Question

Prove that \(A\) is connected iff there is no continuous map $$ f: A \underset{\text { onto }}{\longrightarrow}\\{0,1\\} .^{5} $$ [Hint: If there is such a map, Theorem 1 shows that \(A\) is disconnected. (Why?) Conversely, if \(A=P \cup Q(P, Q\) as in Definition 3), put \(f=0\) on \(P\) and \(f=1\) on \(Q\). Use again Theorem 1 to show that \(f\) so defined is continuous on \(A\).]

Short answer

A is connected iff no continuous surjective map exists from A to \{0,1\}.

Step-by-step solution

Understand the Definitions

A space is connected if it cannot be divided into two disjoint non-empty open sets. A space is disconnected if it can be expressed as the union of two non-empty disjoint open sets. A function is continuous if the preimage of every open set is open.

Apply Theorem 1

Theorem 1 states that a space is disconnected if there exists a continuous surjective map from the space onto the discrete space \(\{0,1\}\). This is because such a map would essentially split the space into two disjoint open sets, one mapping to 0 and the other to 1.

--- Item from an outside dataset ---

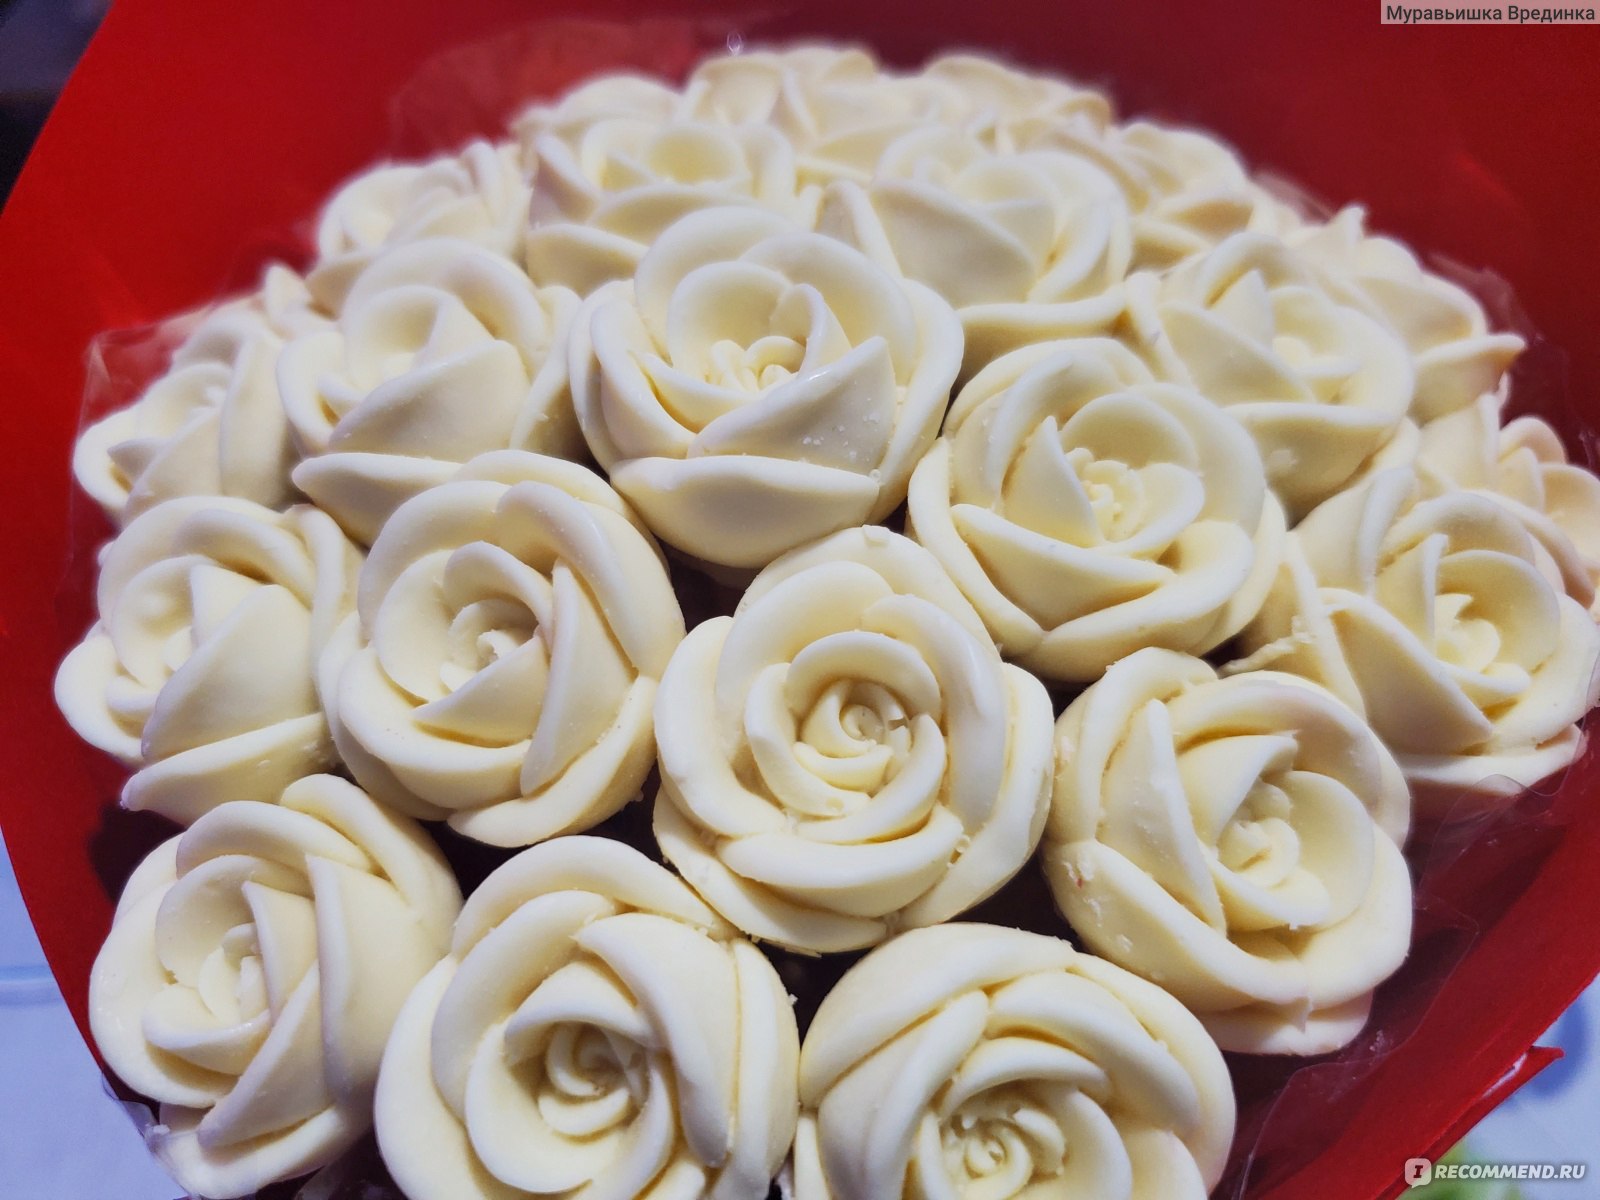 Шоколадные розы с доставкой от «МосЯгода»

Prove \(A\) is Disconnected \(\implies\) There Exists a Continuous Map

Assume that \(A\) is disconnected. By definition, there exist disjoint non-empty open sets \(P\) and \(Q\) such that \(A = P \cup Q\). Define a map \(f: A \rightarrow \{0,1\}\) where \(f(x) = 0\) if \(x \in P\) and \(f(x) = 1\) if \(x \in Q\). This map is surjective and continuous since the preimage of an open set in \(\{0,1\}\) is open. Hence, the existence of such a map implies \(A\) is not connected.

Prove No Continuous Map \(\implies\) \(A\) is Connected

Assume that there is no continuous surjective map from \(A\) onto \(\{0,1\}\). If \(A\) were disconnected, such a map could be constructed as shown in Step 3. Therefore, the absence of such a map means \(A\) cannot be disconnected and thus must be connected.

Key concepts

Continuous Maps

In mathematics, a continuous map is a function between two topological spaces that preserve the topological structure. This means that the image of any open set under the function is open in the image space. Intuitively, if you can draw the graph of the function without lifting your pen off the paper, the function is continuous. To dive deeper, imagine a rubber sheet being stretched or deformed; the continuous map denotes there's no tearing or gluing of the sheet.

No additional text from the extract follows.